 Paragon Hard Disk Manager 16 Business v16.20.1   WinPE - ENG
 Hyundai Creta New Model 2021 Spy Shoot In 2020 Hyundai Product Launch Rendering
==
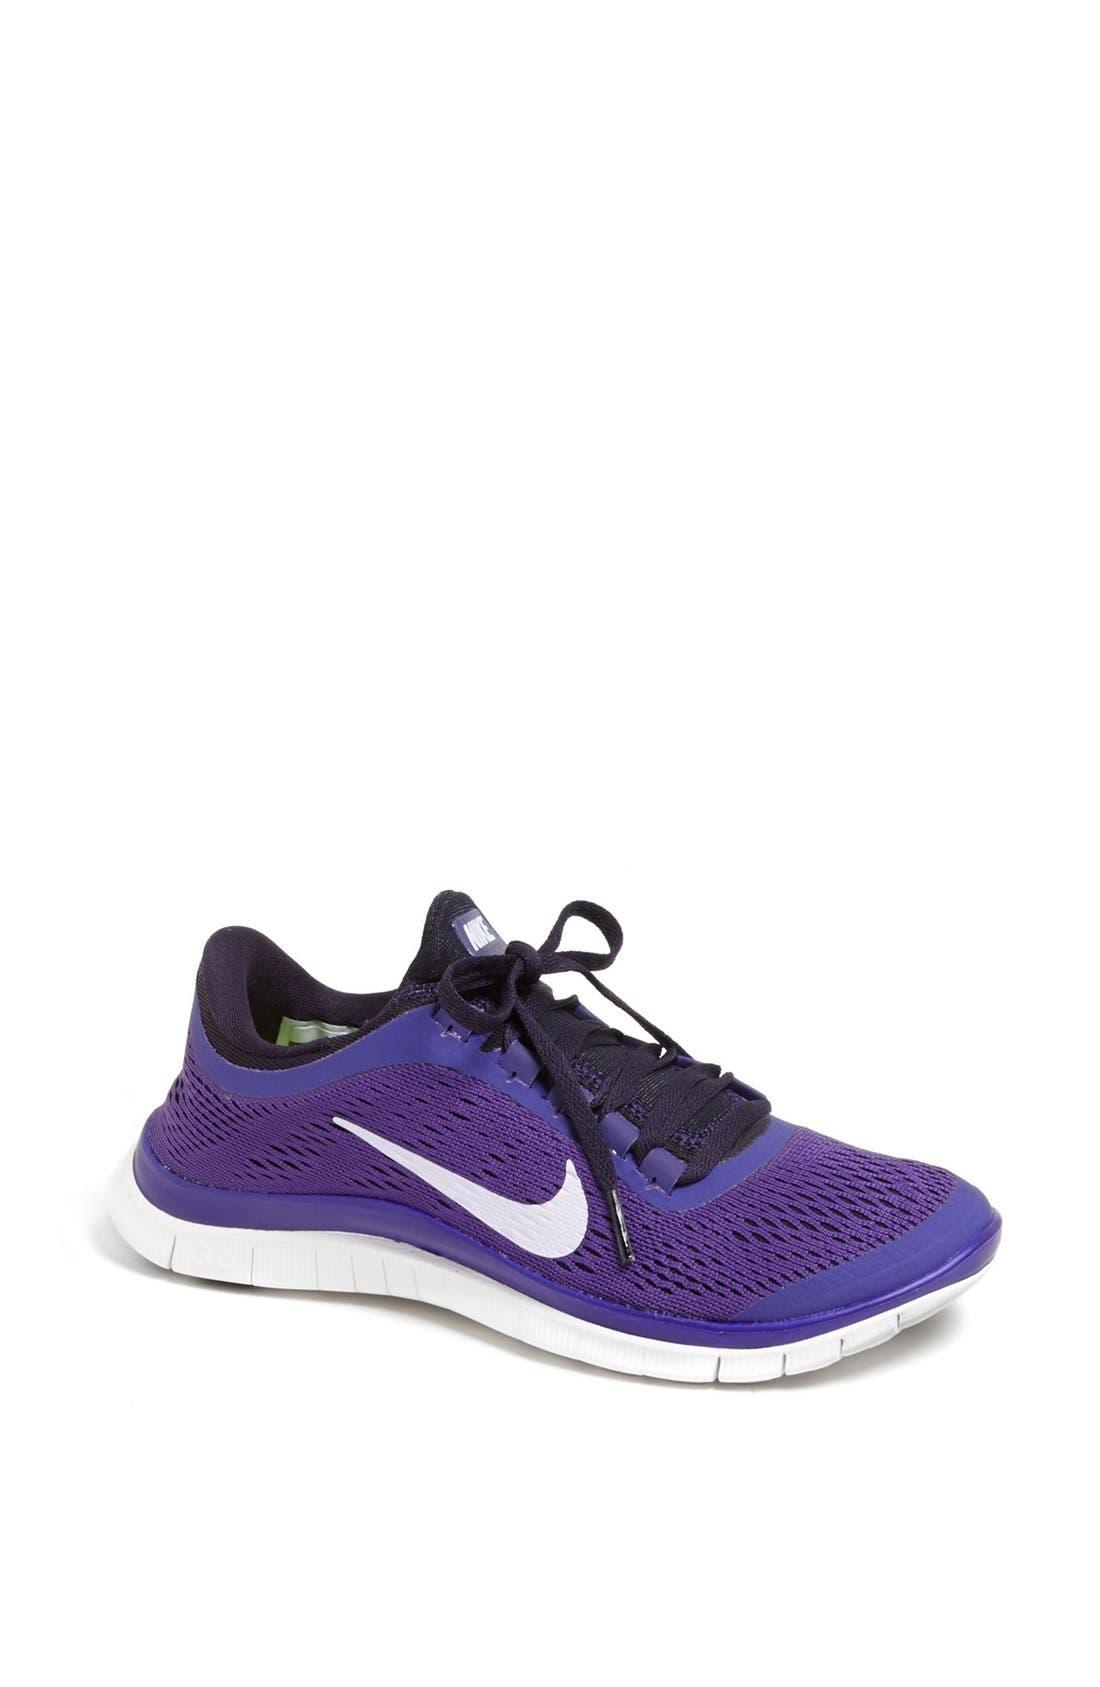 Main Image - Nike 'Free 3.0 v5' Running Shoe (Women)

*Work to be completed*
In the entries above, one line contains "Paragon Hard Disk" and another contains "Hyundai Creta New". Reproduce exactly those two lines and the lines between them, nothing else.

*Written solution*
 Paragon Hard Disk Manager 16 Business v16.20.1   WinPE - ENG
 Hyundai Creta New Model 2021 Spy Shoot In 2020 Hyundai Product Launch Rendering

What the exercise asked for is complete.